Schizofrenie en antipsychotica: samenhang met het metabool syndroom
achtergrond De cardiovasculaire morbiditeit en mortaliteit bij patiënten met schizofrenie zijn hoger dan in de algemene populatie, doordat niet alleen de metabole bijwerkingen van antipsychotica het risico op cardiovasculaire ziekten (cvz) en de kans op diabetes mellitus type 2 (dm2) verhogen, maar ook de ziekte zelf. Om patiënten met hoog risico op cvz en dm2 te kunnen opsporen is het metabool syndroom gedefinieerd.

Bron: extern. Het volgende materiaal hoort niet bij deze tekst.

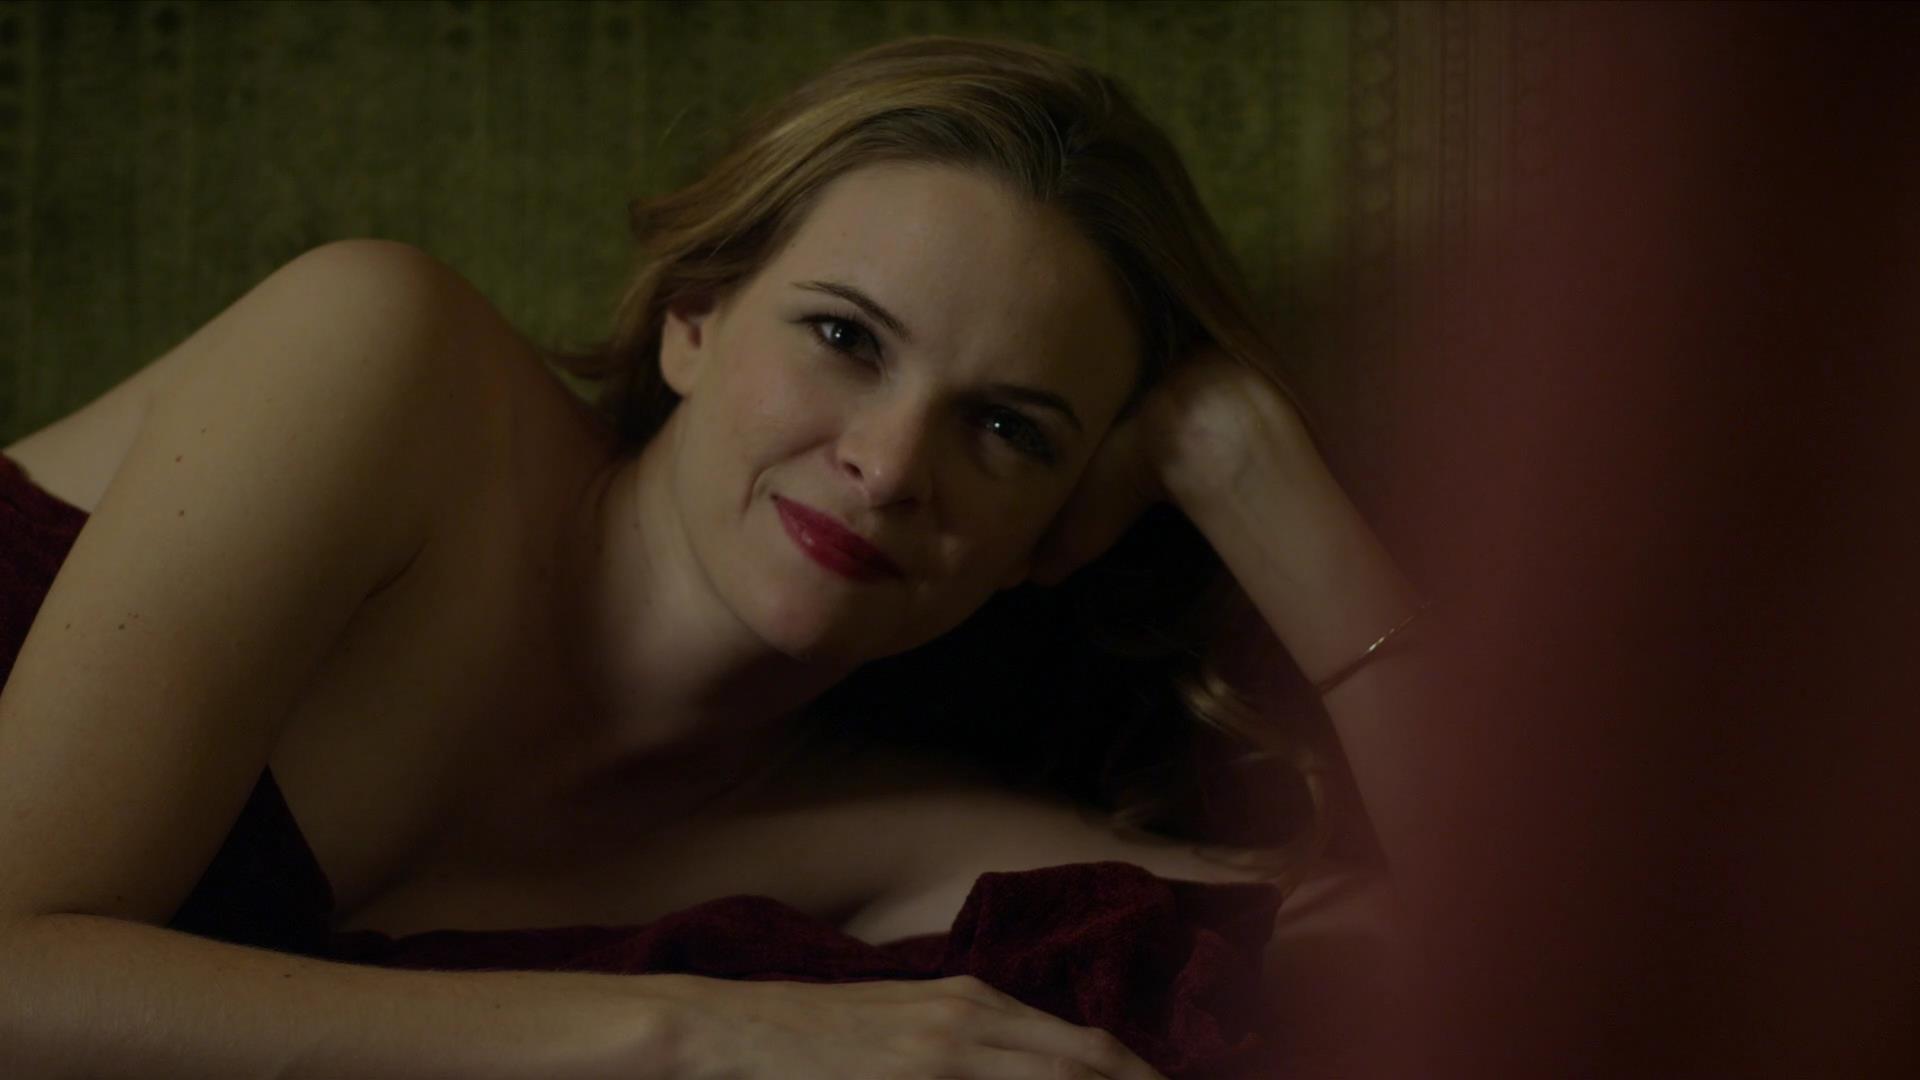 Nicole naked danielle panabaker WATCH: Danielle

doel Komen tot een overzicht van de huidige inzichten in: de relatie tussen schizofrenie en het metabool syndroom, de invloed van het gebruik van antipsychotica op het ontstaan van het metabool syndroom en de mogelijke verschillen hierin tussen klassieke en atypische antipsychotica.
methode Literatuuronderzoek in PubMed en Medscape naar artikelen uit de periode 2000- juli 2008.
resultaten Schizofrenie en antipsychoticagebruik bleken de prevalentie van het metabool syndroom te verhogen. Atypische antipsychotica bleken de sterkste invloed op het ontstaan van gewichtstoename en dyslipidemie te hebben, terwijl klassieke antipsychotica hier nauwelijks effect op hadden. Beide groepen antipsychotica bleken de kans op dm2 te verhogen.
conclusie Het metabool syndroom heeft een significante impact op de morbiditeit en de mortaliteit bij patiënten met schizofrenie, vanwege het toegenomen risico op het ontstaan van dm2 en cvz. Dit risico neemt verder toe bij gelijktijdig gebruik van antipsychotica. Tijdige screening bij deze patiënten en actieve monitoring kunnen het risico op cvz verlagen.